01-problem-set.knit

-Joseph Bakita: -800990986:

Question1

Your friend just became interested in Bayesian statistics. In one paragraph or less (nocode),explain the following to them: * Why/when is Bayesian statistics useful? * What are the similarities in Bayesian and frequentist statistics?

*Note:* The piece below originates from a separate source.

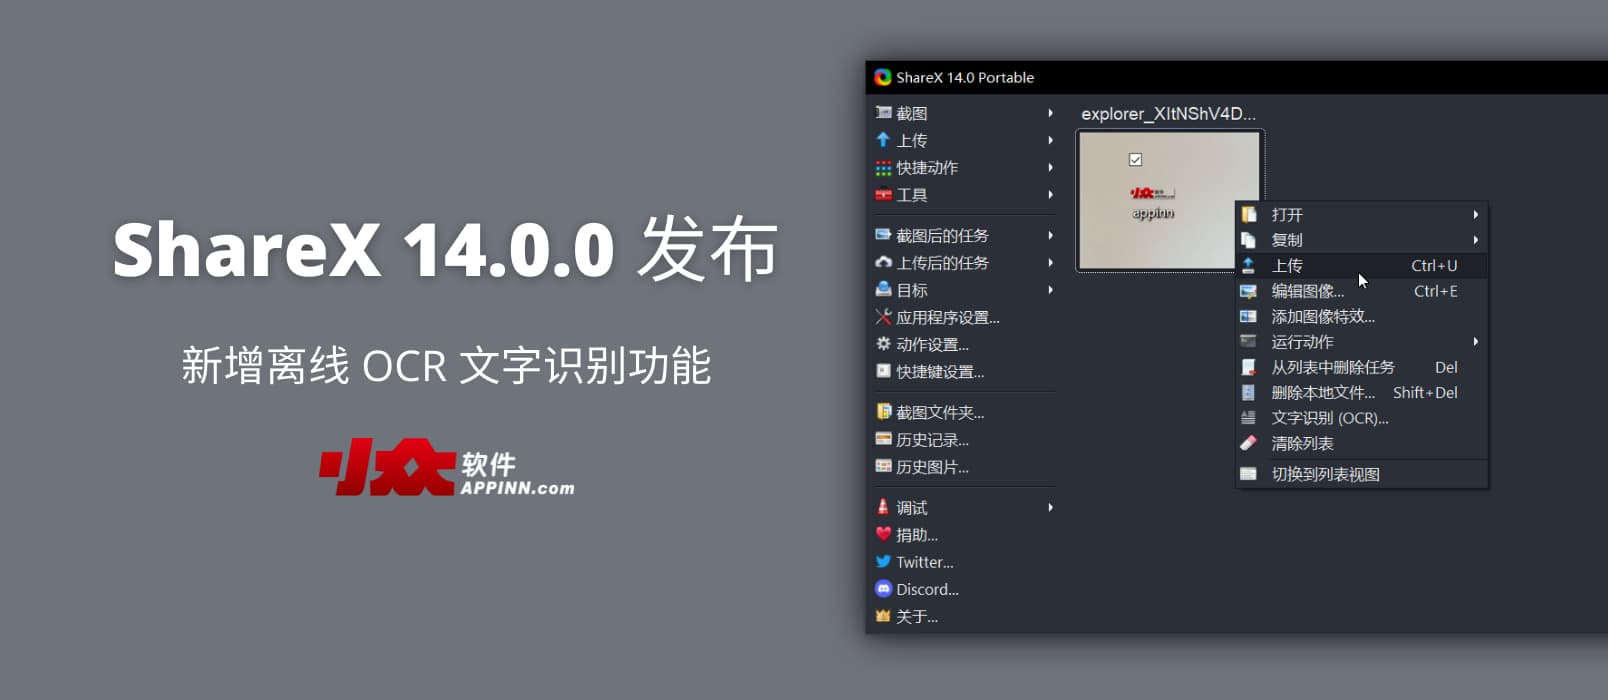 ShareX 14.0.0 发布，新增离线 OCR 文字识别功能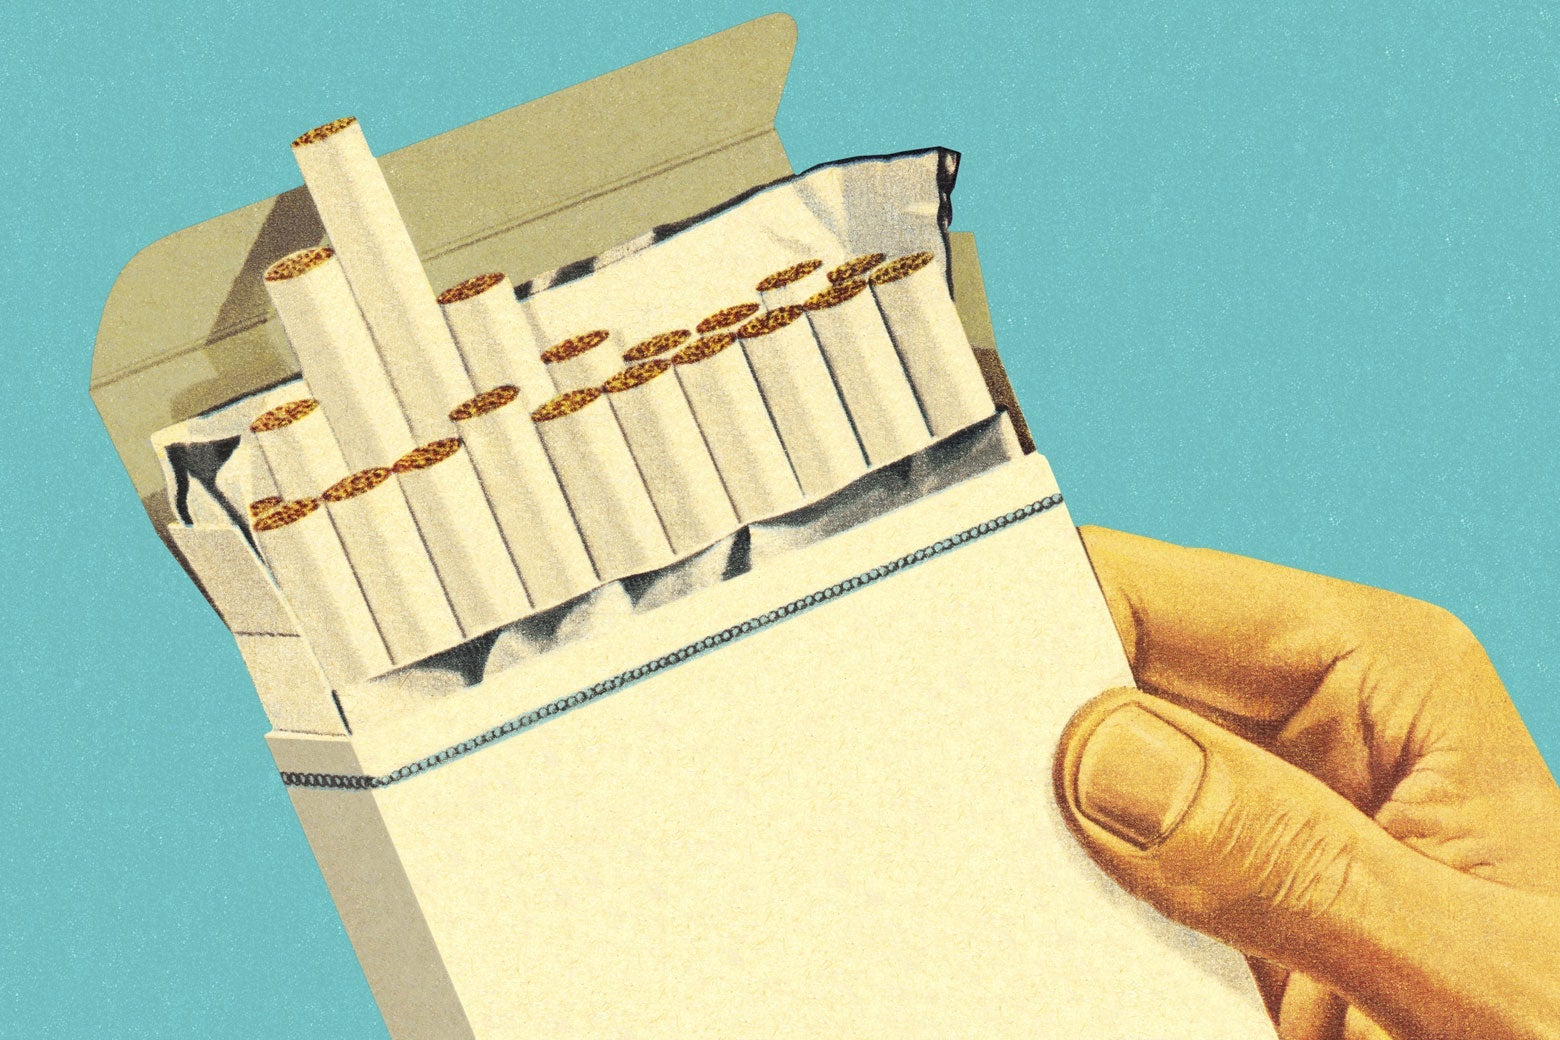 Photo illustration of a carton of cigarettes.

Bayesian statistics is most useful when there exists intuition or understanding of the data prior to running the model where classical or machine models would not be able to discover. These probabilistic methods shed light on distributions that can be used to extrapolate in more detail the uncertainty behind observations and variables than other methods. They do share concepts of distributions and frequencies commonplace in frequentism, alongside ideas of Gaussian approximations that are similar at a base level.

Question 2

Suppose the globe tossing data (Chapter 2) had turned out to be 4 water and 11 land. Construct the posterior distribution, using grid approximation. Use the same flat prior as in the book. Plot the posterior. Use 1000 grid approximations and set the set as set.seed(100).

set.seed(100)

p2 <- seq( from=0 , to=1 , length.out=1000) #flat prior

q2 = dbinom(4 , size=15 , prob=p2) #posterior (chance of 4 waters given N=15 and p=p2[i])

q2b = q2 / sum(q2) #q2 scaled such that q2b is a pdf

plot(p2, q2b, type="l", ylab = "Likelihood")

Behold! A graph showing the most likely values of p given that we observe 4 waters (and 11 lands) given 15 tosses in our simulation. Choose value \(0\leq p \leq 1\) (at the precise value to 3 decimal points) and q2b[1000*p] will give you the probability. For example, the likelihood of p=.3:

q2b[300]

## [1] 0.00350726

or that \(p\ge .7\):

sum(q2b[700:1000])

## [1] 0.0002733507

showing that it is more than 10x as likely that p=.300 precisely than for p \(\ge .7\).

The distribution appears to be approximately Gaussian (Normal) with a right skew (the left side of the crest is significantly steeper than the right). I will go into more detail on the choice (or, more accurately, lack of choice) of prior in the next question.

Question 3

Now suppose the data are 4 water and 2 land. Compute the posterior again, but this time use a prior that is zero below p = 0.5 and a constant above p = 0.5. This corresponds to prior information that a majority of the Earth’s surface is water. Plot the new posterior. Use 1000 grid approximations and set the set as set.seed(100).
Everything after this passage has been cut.